Things peaked then improved first in Scotland and then now gradually in England it seems. Yes the numbers are not constantly going down day by day now, but the general trend seems to be good. Did schools break up earlier there?

Personally I think combo of schools out, hot weather, greater herd immunity, vaccine protection, end of football, continuing social distancing, NHS pings/isolating are are all factors at play. Yes there is less testing but the decline in numbers in some areas cant be explained just by that .. numbers down 50% here in past 7 days for example, testing sure isnt.

numbers still high in 18-24s for example, where not all of these factors may apply so much.
 
But it appears to drop off in age groups older than school pupils, and it appears to drop off somewhat before end of term.

If school hols were the main factor (suddenly stopping transmission between under 20s) then you'd expect to see a drop off mainly in that age group first, and probably slightly after than the actual end of term. I think.

apart from the fact a million kids were isolating before term ended…
 
Tuesday = 23,340 new cases
Wednesday = 27,572 new cases
Today = 31,117 new cases

I don't like the look of those figures :(
It would have been incredibly unusual not to see such spikes in the positives by report date.

They have after all been a feature previously and their absence was perhaps an indicator of testing system issues being part of the decline shown. So in that sense its actually reassuring to see such spikes return.

However it is also too soon for me to confidently describe them as just being those spikes, depending on data in future days that might indicate something else at work.

Also I still prefer to look at cases by specimen date.

Either way it would be unusual if the extremely rapid rate of decline in the figures persisted. Things already fell so rapidly that people are scrambing for various explanations, and there was no reason to expect such a pace of decline to continue since that would quickly have resulted in an exceedingly low number of cases being achieved so rapidly as to lack credibility.

Positive cases for England by reporting date. Note the similar spikes/gaps in the previous wave and how we've seen unusually few of them in the downwards curve this time until recent days.

Screenshot 2021-07-29 at 16.49.06.png

England positives by specimen date shows something vaguely familiar and are indicative of anything from a typical blip bump to signs that things are levelling off or at least the rate of decline is slowing. But as usual the most recent data, shown here in grey, is incomplete so we just have to wait and see.
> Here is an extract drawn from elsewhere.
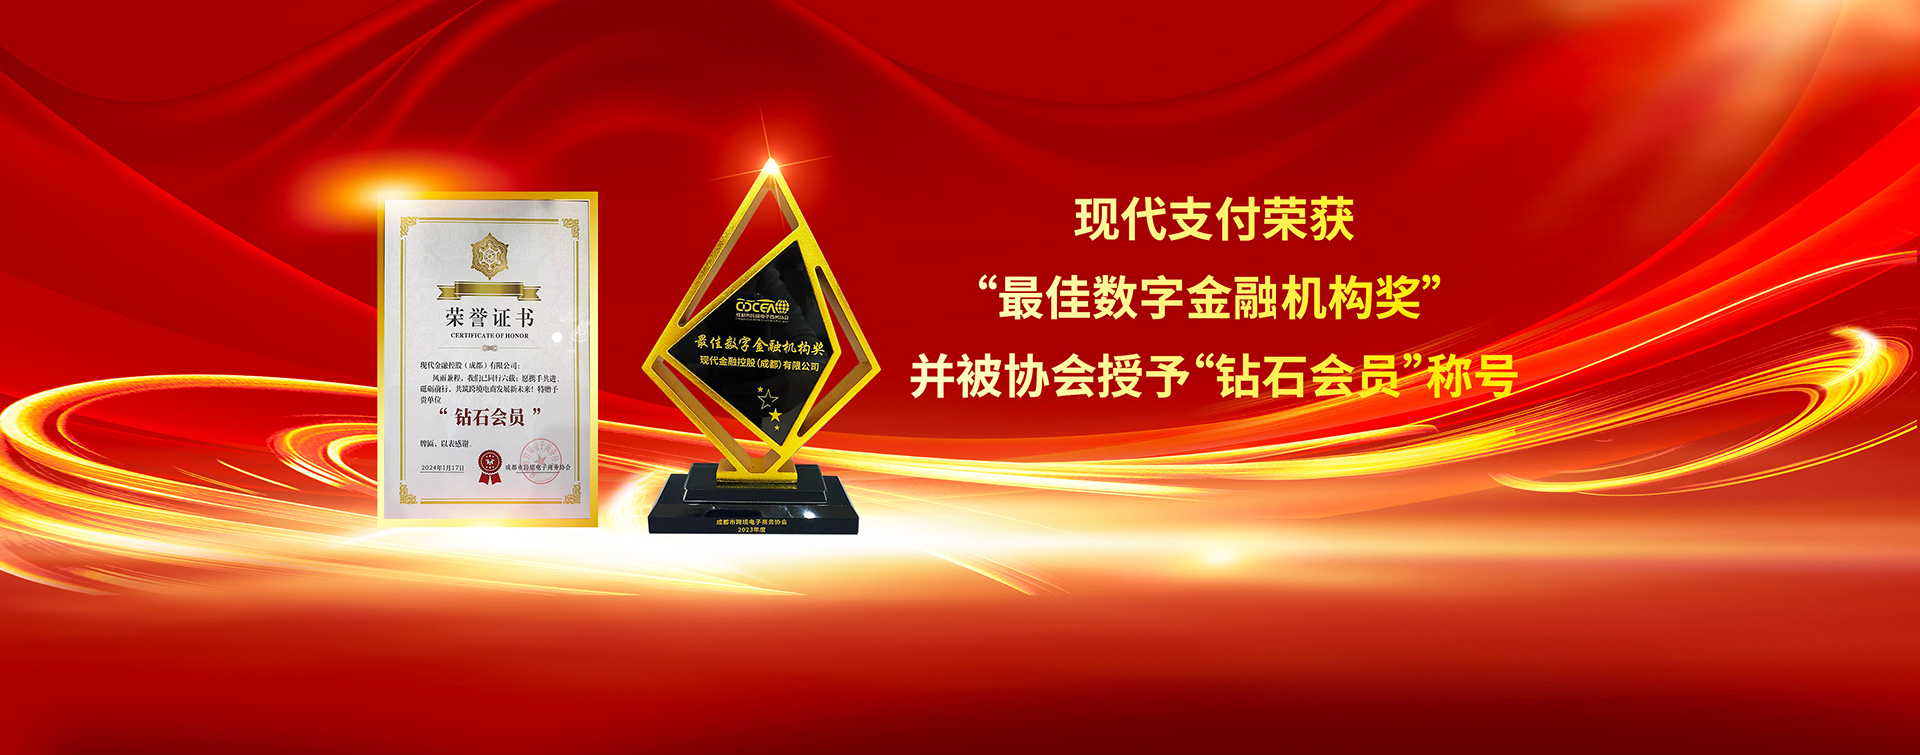 现代支付荣获 “最佳数字金融机构奖” 并被协会授予“钻石会员”称号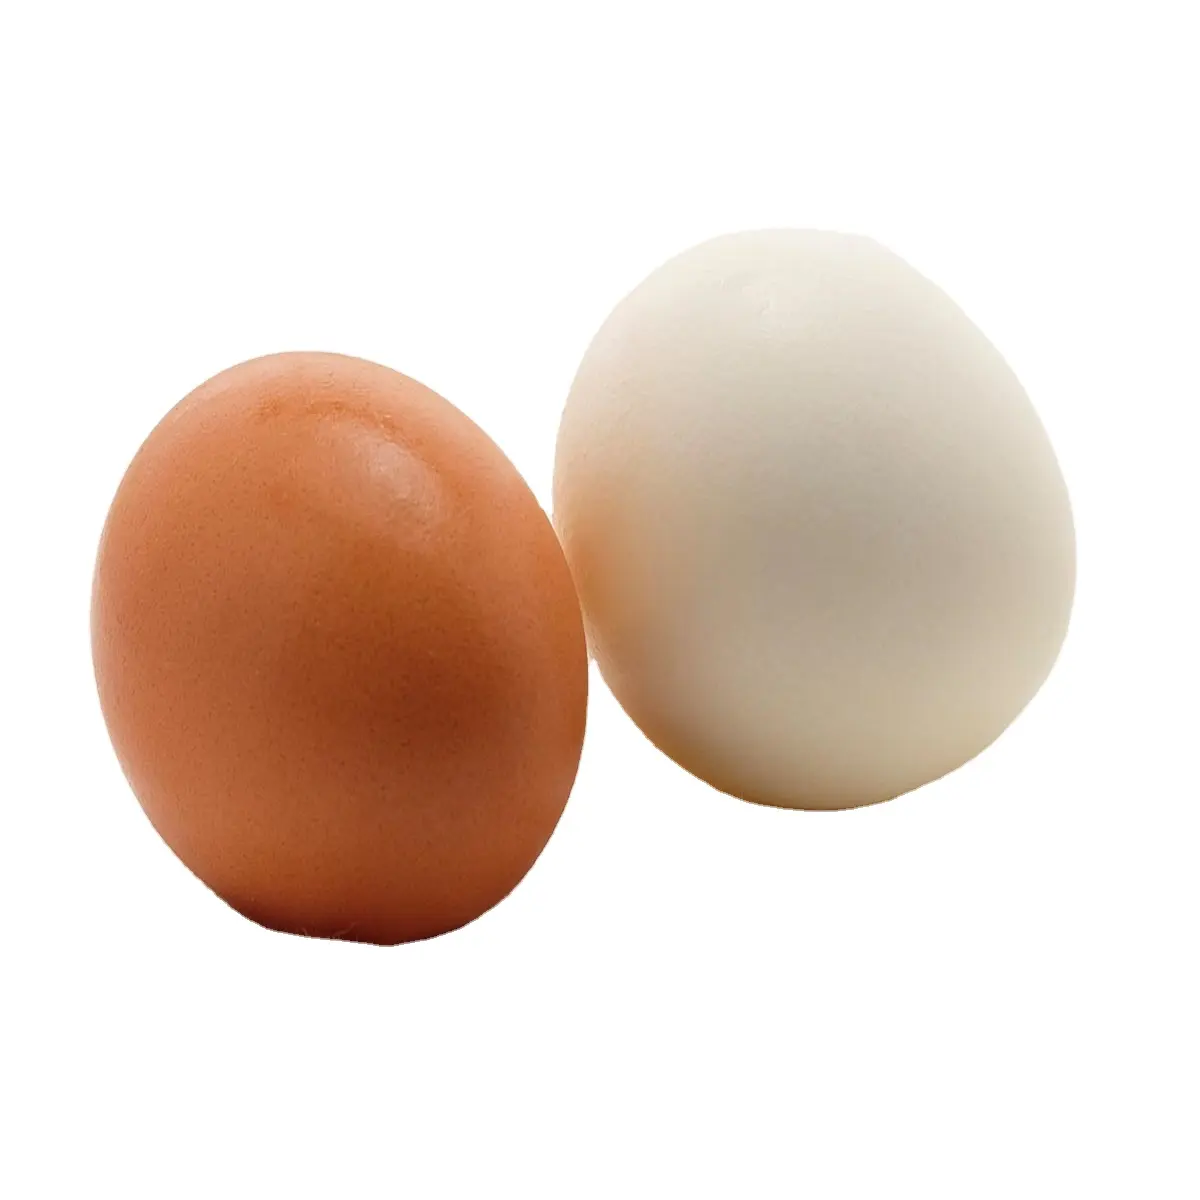 Dijual Telur Ayam Peternakan Coklat Putih Cina/Telur Meja Coklat dan Putih Cangkang Telur Ayam

Screenshot 2021-07-29 at 16.48.38.png
 
Daily hospital admissions/diagnoses are currently compatible with a peak/plateau having really been acieved earlier this month. It is still early days though so I maintain a degree of uncertainty about this until I see an obvious, sustained decline in hospital admission figures.
 
It's certainly tempting to read a levelling-off into the England number of patients in hospital graph

Screenshot 2021-07-29 at 17.00.44.jpg

I'm not sure to what extent these figures tend to get added to retrospectively.
 
Obviously it's too soon to read anything into the rise in reported cases the last two days. Could be a blip, could be the start of something new. I've just liked looking at the rapidly falling new case numbers in the past week, whatever the causes. It is around now that we might expect to see the impact of the big reopening on the figures. Keep watching to see what happens next...
 
It's certainly tempting to read a levelling-off into the England number of patients in hospital graph



I'm not sure to what extent these figures tend to get added to retrospectively.
England does not retrospectively change such figures, at least not routinely. Other nations do at times retrospectively adjust certain hospital figures, sometimes continually.

Anyway it sounds like the data about why covid-positive people are in hospital which I've gone on about plenty, most recently because of a shit story in the Telegraph, has been made available. I have not looked at it yet, but here is the description from the page where it and other NHS data is made available in spreadsheet from:


A supplementary analysis of confirmed COVID-19 patients who are being treated primarily for COVID-19 can be found in the file below. Note that this covers acute providers only.

The majority of inpatients with Covid-19 are admitted as a result of the infection. A subset of those who contract Covid in the community and are asymptomatic, or exhibited relatively mild symptoms that on their own are unlikely to warrant admission to hospital, will then be admitted to hospital to be treated for something else and be identified through routine testing. However these patients still require their treatment in areas that are segregated from patients without Covid, and the presence of Covid can be a significant co-morbidity in many cases. Equally, while the admission may be due to another primary condition, in many instances this may have been as a result of contracting Covid in the community. For example research has shown that people with Covid are more likely to have a stroke (Stroke Association); in these cases people would be admitted for the stroke, classified as ‘with’ Covid despite having had a stroke as a result of having Covid.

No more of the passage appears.